Let’s take a closer look at Twombly’s effort to improve women’s wages as a way to help Lancaster’s women stay out of commercial sex. 

Most prostitutes came from working-class families of all races and immigrant groups. They were usually women who lacked a male breadwinner in their lives, which was the family ideal at the time. Fathers or husbands died, deserted the family, or lacked stable employment. If a woman was “on her own” with young children, her employment options were even more limited. In many cases, there was no other way for a woman to get by at this time. 

Women who worked in cotton mills, department stores, or tobacco factories in Lancaster often supplemented their income with commercial sex after work, or they exchanged sex for movie tickets or restaurant meals. Their meager wages–perhaps from 4.50 to 7$ week, on average as compared to men’s wages, which were more likely to be around $10/week. Those who lived alone in furnished rooms or boarding houses consumed their earnings in rent, meals, and clothing. This was a time when new forms of entertainment and consumerism were rapidly emerging. There were movies to attend and dance halls to visit. There were clothes and cosmetics to buy– if you could afford them. Wage-earning women who lived with their families usually had to turn over their  pay to their parents. Thus, although wage-earning women had freedom on the streets, they lacked economic independence. 

Twombly was outspoken about how poor wages led to vice in this city. In 1913 he concluded that  $6.50/week was the minimum that women needed to earn to survive; he emphasized that if they lived on their own, they would spend every cent of that wage. Twombly openly preached that the leaders of Lancaster could “no longer ignore the fact that a powerful creator of prostitution is our economic life.”  He asked, “What about our women tobacco strippers in Lancaster; our girls in the silk mill; and our children in the cotton mills?”  And then offered this bleak image: 

Outside of a certain large factory on pay days when a degraded and contemptible class of young men wait outside to receive the meager pay envelopes of the girls who support these men who have ruined them.

Even these strong images were not enough to sway the state legislature, which did not pass a minimum wage for women (unlike several other states). But Twombly did not stop there. He encouraged the businessmen in his anti-vice association (the Law and Order Society) and in his church to raise women’s wages voluntarily. He had some success here. Armstrong Cork adopted Twombly’s suggested minimum wage for women of 6.50 per week. Ultimately, four industries backed Twombly’s plan.
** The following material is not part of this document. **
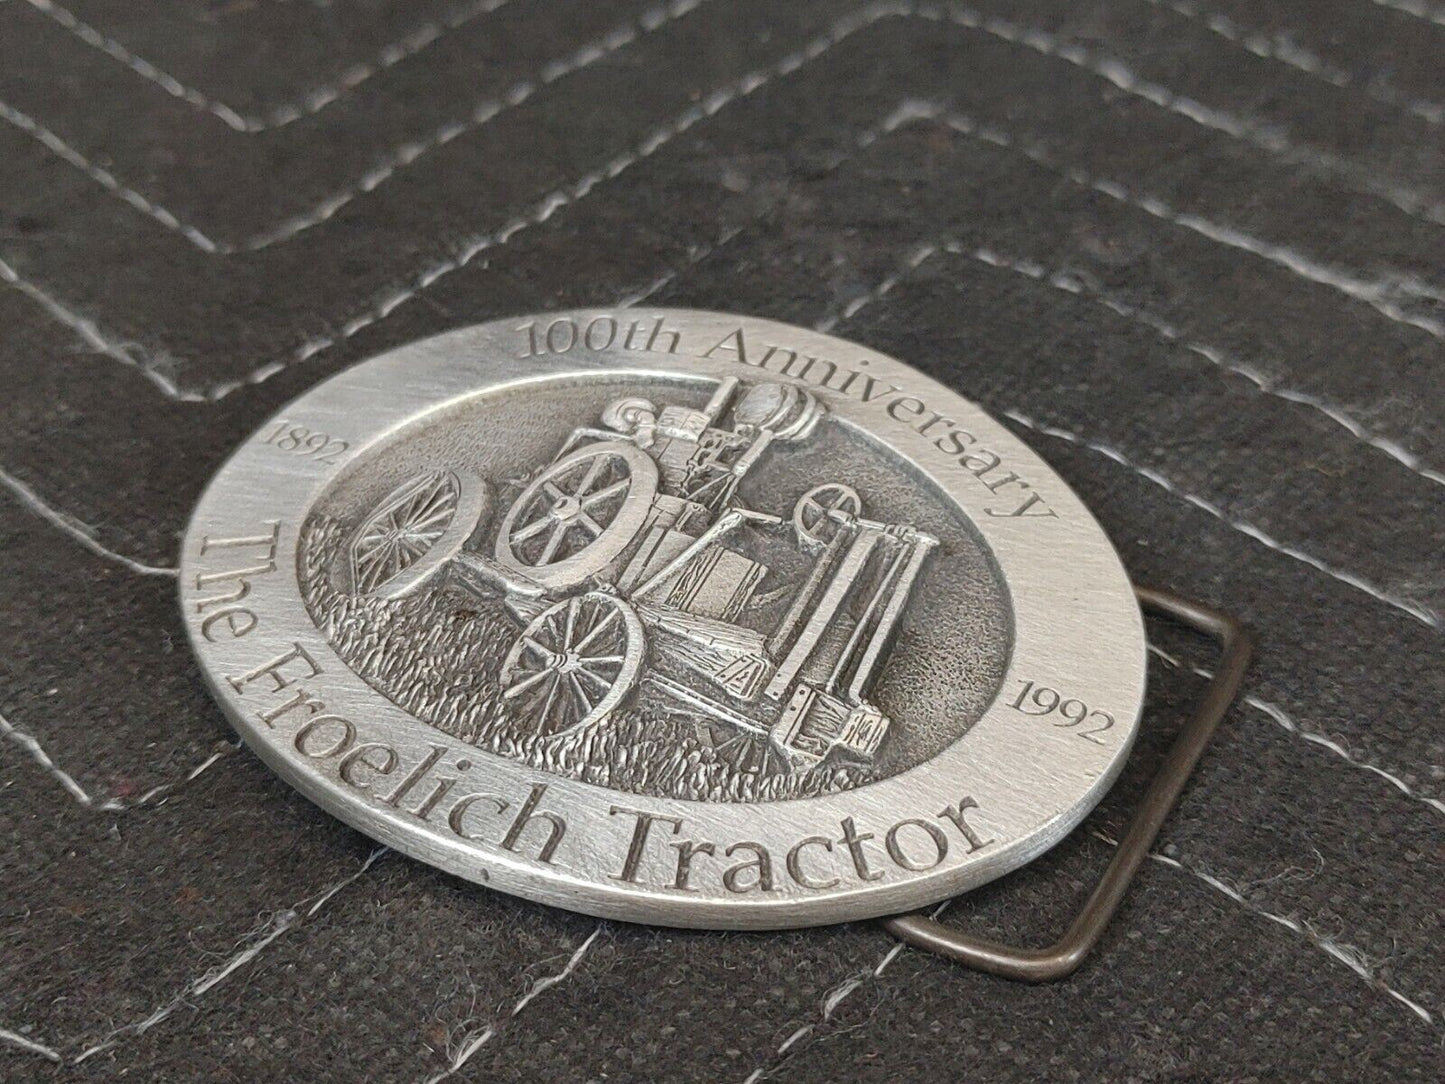 vtg limited Froelich Tractor 100th Aniversary Deere & Company PEWTER BELT BUCKLE

The campaign to improve women’s wages shows that Twombly and other anti-vice activists were concerned about getting to the root of the problem of vice and that they focused on structures of poverty, not individual morality. Nevertheless, we should not celebrate Twombly’s minimum wage campaign uncritically. When he calculated the minimum wage, he never imagined that women had anyone to support but themselves. And the effort to create a minimum wage for women workers was based on the idea that white women needed protection because of their obligations as mothers. The campaign to raise women’s wages was more paternalistic than empowering. 

Resource List:

Twombly criticized “starvation wages” in this article: “Minister’s Plea for Wage Earners,” Lancaster Intelligencer, 28 Jan 1914. 

“The Minimum Wage for Women Workers: Statement by a Prominent Local Manufacturer,” Lancaster New Era, 26 Nov. 1913.

Peiss, Kathy. “Charity Girls and City Pleasures,” OAH Magazine of History vol. 18, no. 4 (January 2004),  pp. 14-16. 

Wood, Sharon. The Freedom of the Streets: Work, Citizenship, and Sexuality in a Gilded Age City. Chapel Hill, University of North Carolina Press, 2005.